Taire toute forme de protestation 

En s’inspirant de la notion de « sublime toxique » inventée par la professeure Jennifer Peeples, Chris Donavan croise la laideur à l’élégant dans ses images. Les quelques irruptions de couleurs – placées au début et à la fin du livre – fonctionnent, pour lui, comme des « préfaces et postfaces méditatives ». Des respirations esthétiques permettant de capter l’intérêt des défenseurs d’une beauté systématique dans la photographie pour mieux les happer dans une histoire plus sombre et plus dure : celle d’une ville dépendante d’une minorité dominante, dont l’extraordinaire influence la rend toute puissante.

The neighbourhood near the leaked butane pipeline after demolition, 2020 © Chris Donovan
Le quartier près du pipeline de butane après sa démolition, 2020 © Chris Donovan
The Irving Oil Refinery seen from uptown Saint John, 2016 © Chris Donovan
La raffinerie Irving Oil vue du centre-ville de Saint John, 2016 © Chris Donovan
Forestry company JD Irving advertises their alleged contributions to environmental causes along New Brunswick highways despite the company’s long record of environmental catastrophe including being charged in 2016 with fifteen counts of illegal dumping of deleterious substances into the Wolastoq (Saint John River), 2021 © Chris Donovan
L’entreprise forestière JD Irving fait de la publicité pour ses prétendues contributions à des causes environnementales le long des autoroutes du Nouveau-Brunswick, malgré son long palmarès de catastrophes environnementales, notamment son inculpation en 2016 pour quinze chefs d’accusation de déversement illégal de substances nocives dans le Wolastoq (fleuve Saint-Jean), 2021 © Chris Donovan
White-tailed deer in front of the Irving Pulp and Paper Mill on the west side of Saint John, 2023 © Chris Donovan
Cerf de Virginie devant l’usine Irving Pulp and Paper à l’ouest de Saint John, 2023 © Chris Donovan

Inspiré par la structure panoptique (un type d’architecture carcérale positionnant un gardien dans une tour centrale afin qu’il puisse observer tous les prisonniers sans que ceux-ci aient moyen de savoir s’ils sont surveillés, NDLR) et le contrôle qui en émane, l’auteur fait des usines des tours de surveillance implacables et effrayantes. « Comme dans ces types de prison, la peur de la punition suffit à maintenir l’obéissance. L’angoisse d’une quelconque rétribution empêche beaucoup de gens de se plaindre de l’industrie et de ses patrons. À Saint John, toute forme de protestation est jugée par la population comme un comportement déviant », précise-t-il.
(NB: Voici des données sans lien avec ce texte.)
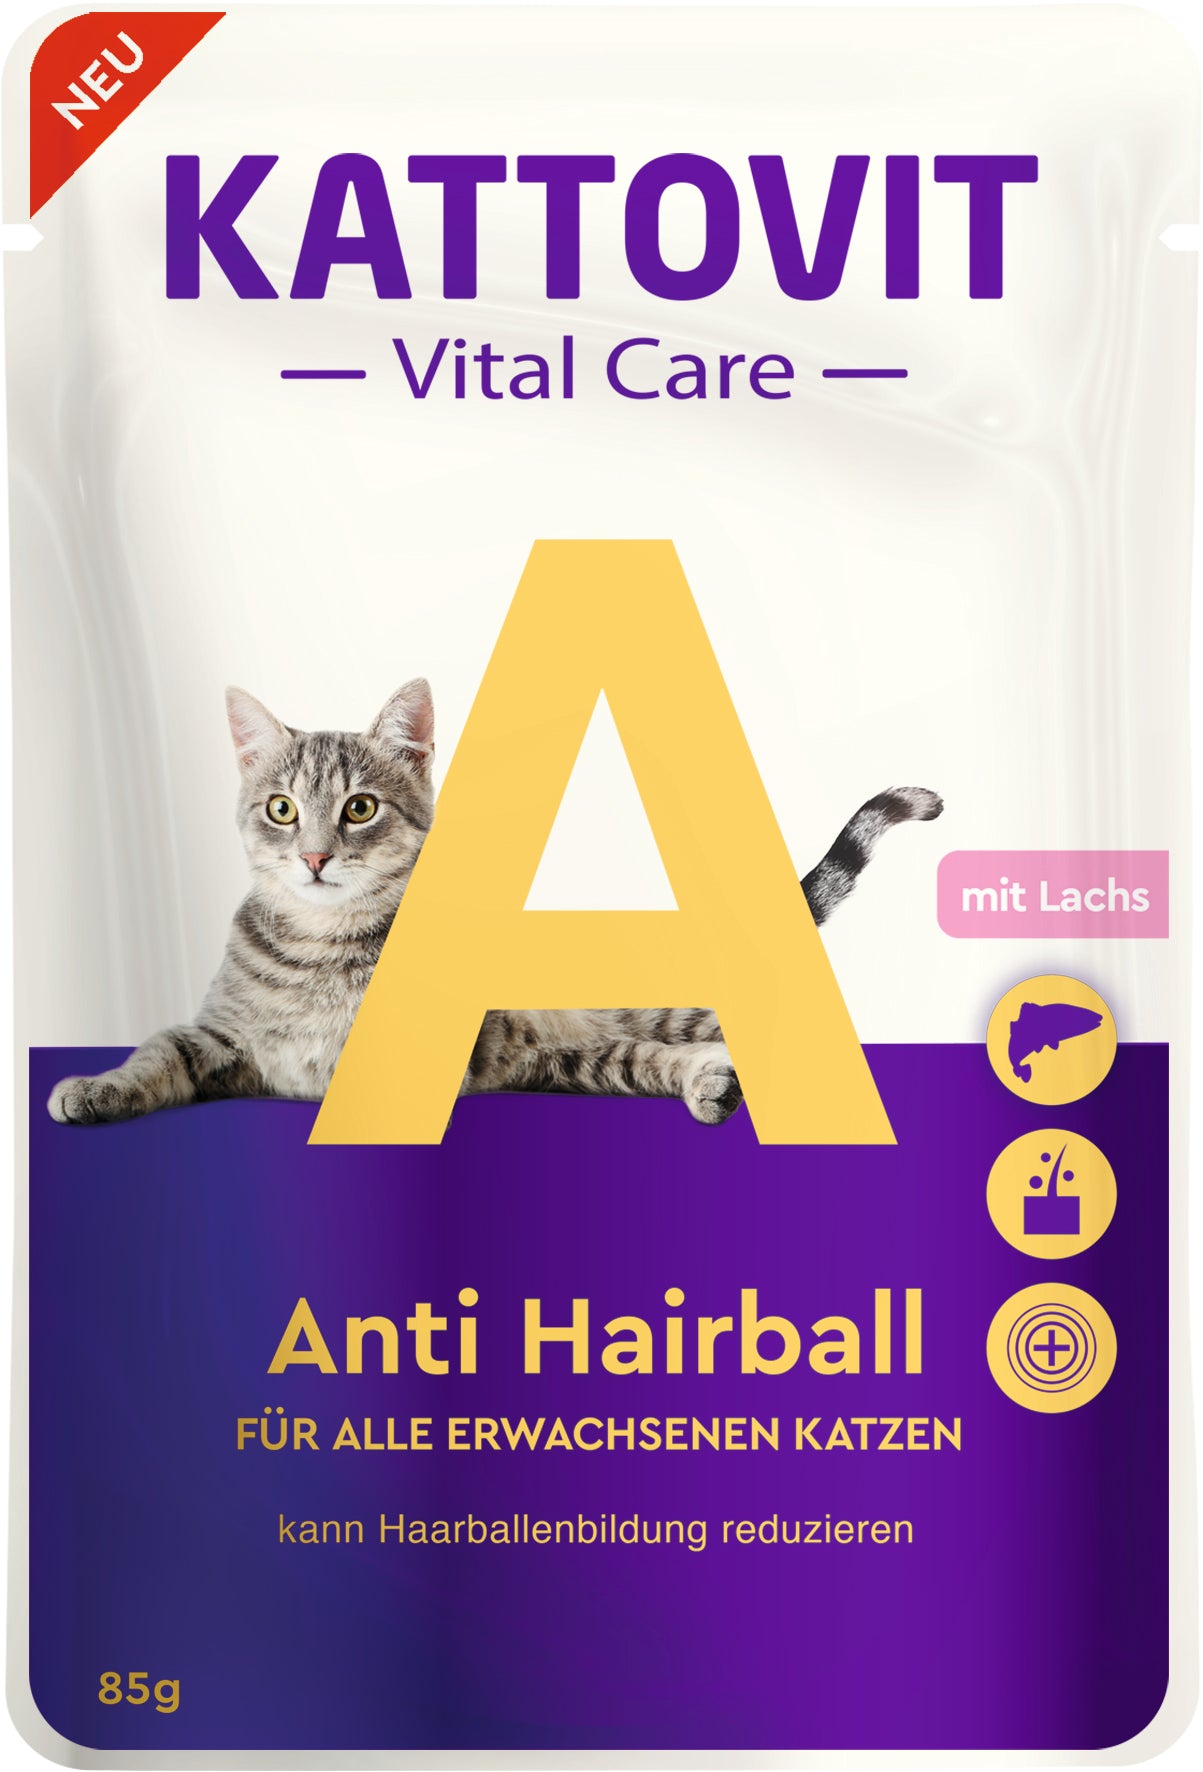 Artikel mit dem Namen Kattovit Pouchbeutel Vital Care Anti Hairball im Shop von zoo.de , dem Onlineshop für nachhaltiges Hundefutter und Katzenfutter.

Une manière tortionnaire de taire toute opposition à l’exploitation de la main-d’œuvre et à l’atteinte à l’environnement. « Mais, rappelle Chris Donavan, ce livre ne dit rien de cela. Il vous montre simplement une ville où ces choses se déroulent. Il vous faut décider si vous voulez lire ces images de cette manière, ou juste parcourir le portrait d’un lieu. »

The Cloud Factory est disponible chez Gostbooks, au prix de 70€.